Is there a cosmic process through a series of goals following what Augustine called 'higher laws of nature' as evident in miracles. What is our natural state? Is the world sub-natural? Can we believe in the Fall? Death and pain pre-exist humans. Is 'Eden' a memory of the future? Were Creation and Fall simultaneous?
Fr Christopher has a book forthcoming, God and Science, which will unpack all what he said more fully and at less speed.
Building up the Church was the title of a panel presentation.
Anne-Marie Angus spoke of her experience as a cradle Orthodox. Supposed to learn by experience she found that being an Orthodox child involved a lot of hanging around and she did not feel welcome. Camp was a revelation of the Liturgy's beauty. Now the Redbourne community sings Vespers once a month in the playroom in her house (the toys are covered up). Fr Alexander celebrates the Liturgy on 25 December, so much better than the post Christmas, school term time, of 6January she remembers from childhood. Again she emphasised the Camp with its sense of community and belonging, which are vital for any church. How do we make people welcome? It is important to welcome children.
James Heywood read the statistics of Anglican, RC, Muslim, Sikh and Hindu state schools in England. In the Byzantine empire and under Turkish rule schools were important for building the church. Now each of the listed religious groups outnumbers the two Orthodox schools, one primary,and one secondary, both in different areas of London. This is not enough. James went on to suggest a curriculum for an Orthodox school. As for his own formation when he beame Orthodox, he was told to read the Liturgy.
Fr Julian Lowe told us of his many years listening to people as a Samaritan. Now he has been accepted as an university chaplain, because he told the selection panel he wanted to listen, that he is about people not about church . Listen,love,support. By listening we will grow the church, we will show the light of Christ.
Fr John and Presbytera Jenny Musther spoke on Living Wtness and Local Saints. They listed 20 representative saints who had witnessed in the North of England and in Scotland. There was a long history of Christian presence; an apsidal chapel dating from c385 has been found in the headquarters area of the Roman fort at Vindolanda. The faith was spread by itinerant bishops such as Mungo/Kentigern and hermits like Herbert. They wished to carry the Gospel to the ends of the earth. In the Shetlands 34 monasteries have been identified as sited on seastacks, looking outwards to whatever lands are beyond the horizon. The principles of life for all these saints can be seen as 'Live by faith, by mercy and compassion.' The parish room of the Keswick parish has icons of these saints and information about their lives so that everyone can come to know them. Importantly they are at a height where children can see and read them.

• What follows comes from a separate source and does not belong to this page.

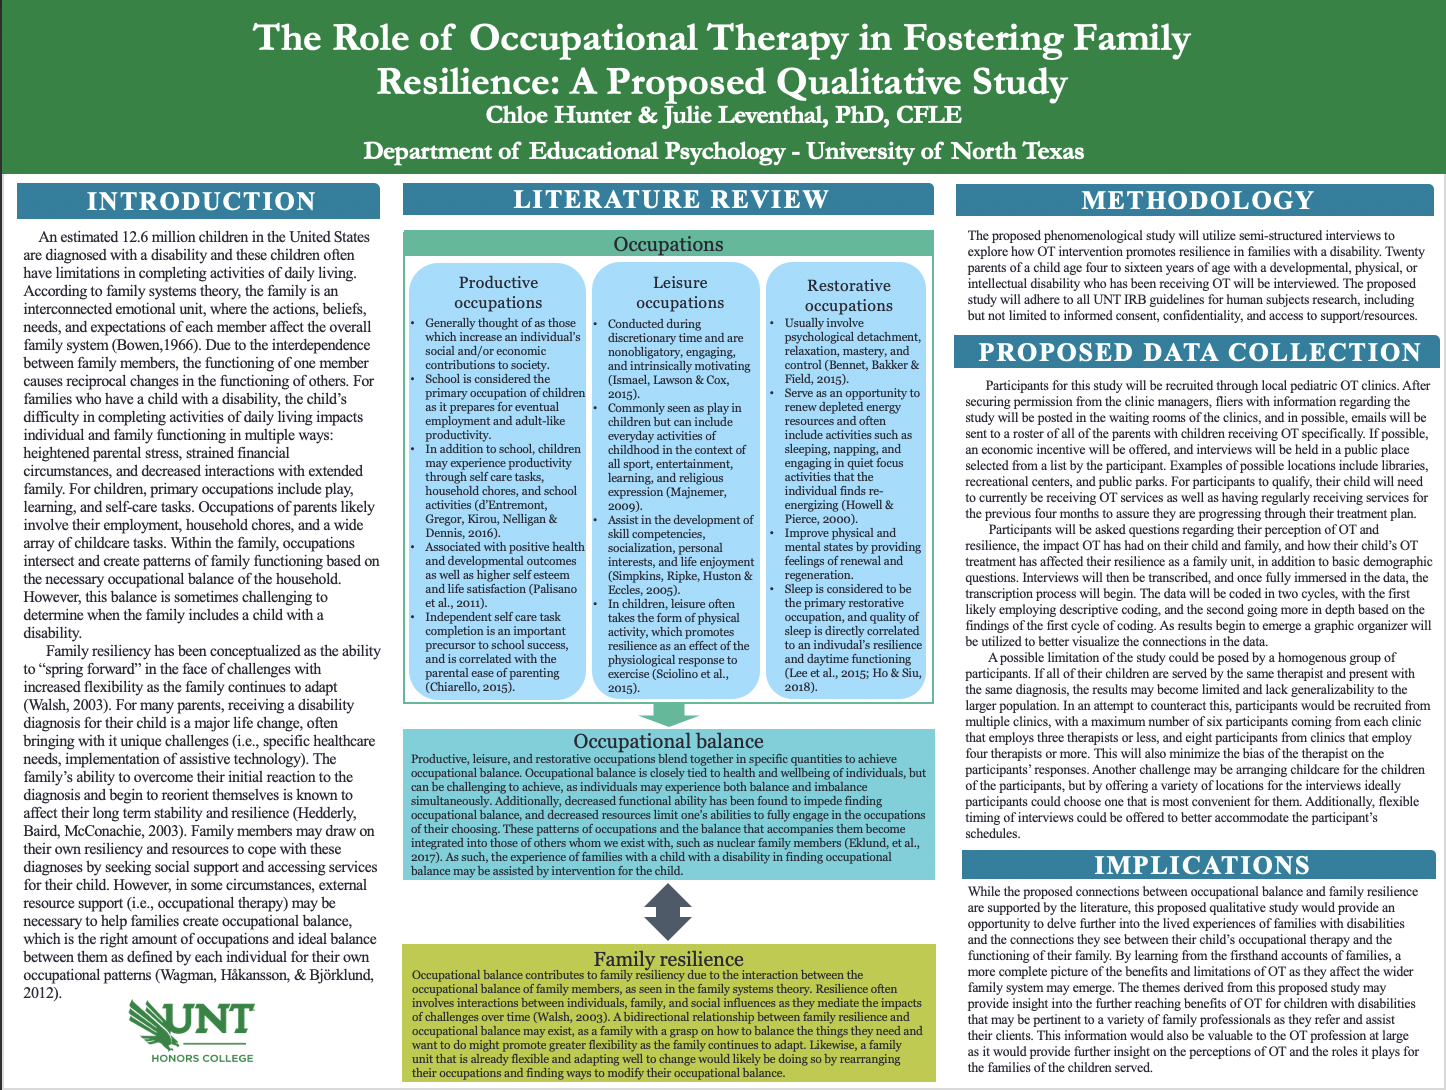 The Role of Occupational Therapy in Fostering Family Resilience: A Proposed Qualitative Study
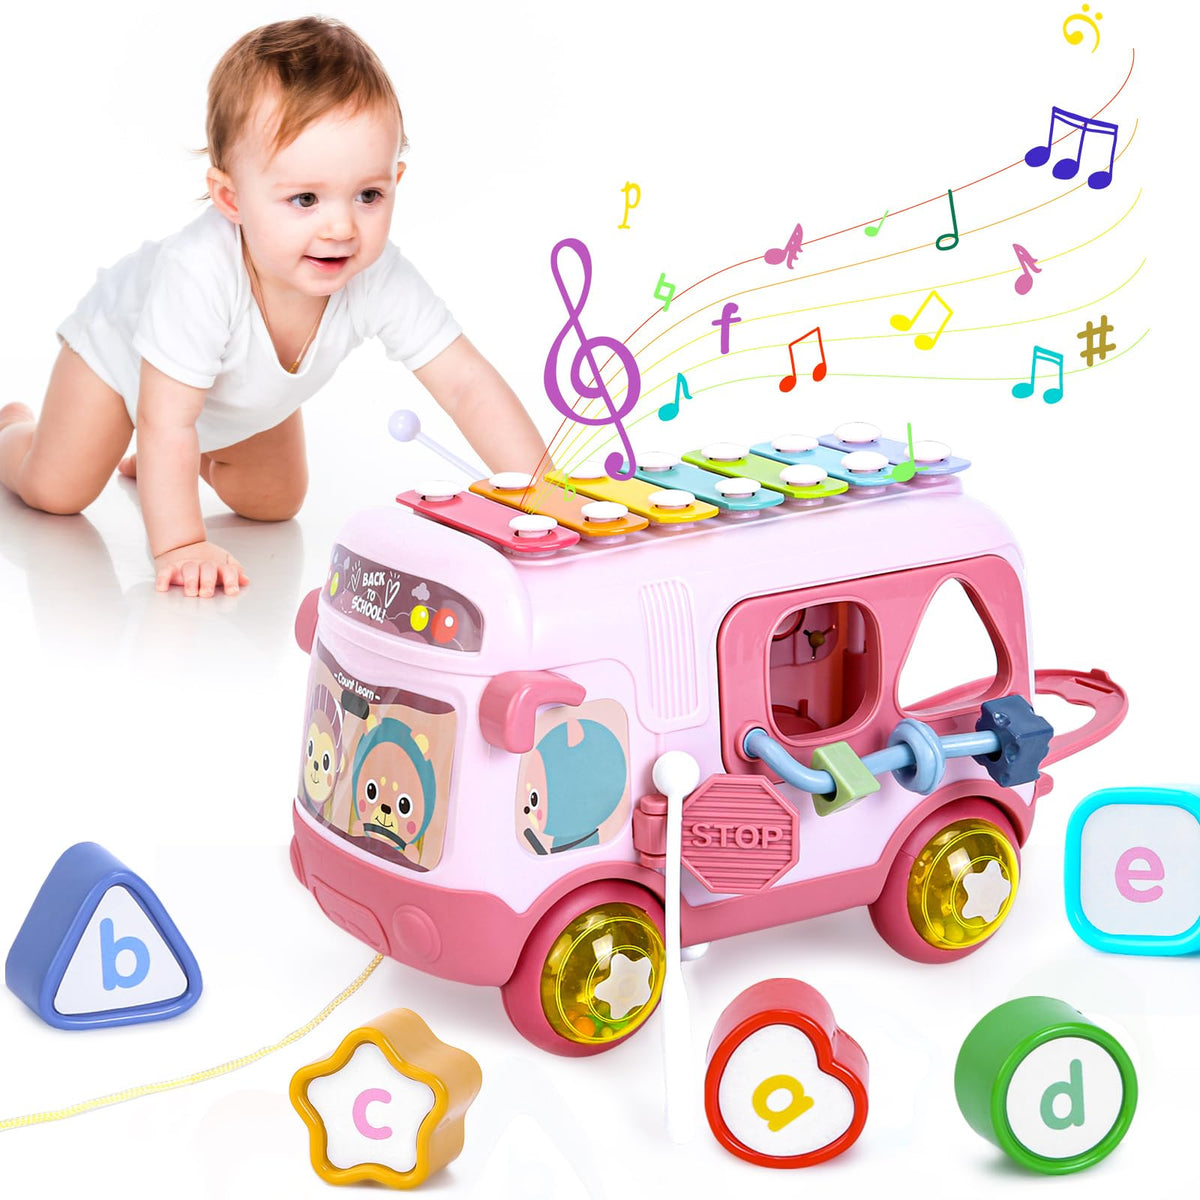 Toys Gifts for 1 Year Old Girls, Baby Girl Toy 12 18 Months Musical Sensory Bus with Xylophone, Shape Sorter Pull Along Toy for 12-18 Months Early Educational Toy Birthday Chirstmas Present

The Conference meets as a worshipping community. Each day we prayed together morning and evening, with the Liturgy on Sunday morning the highlight. A debt of gratitude is owed to the members of the choir who sang brilliantly with minimal time to practice and to those who took it in turns to act as choir leader.
In the activity groups and workshops and in conversations over meals and drinks we confirmed existing friendships and made new ones. Our parishes are scattered across the country but at the conference it is clear that we are one body.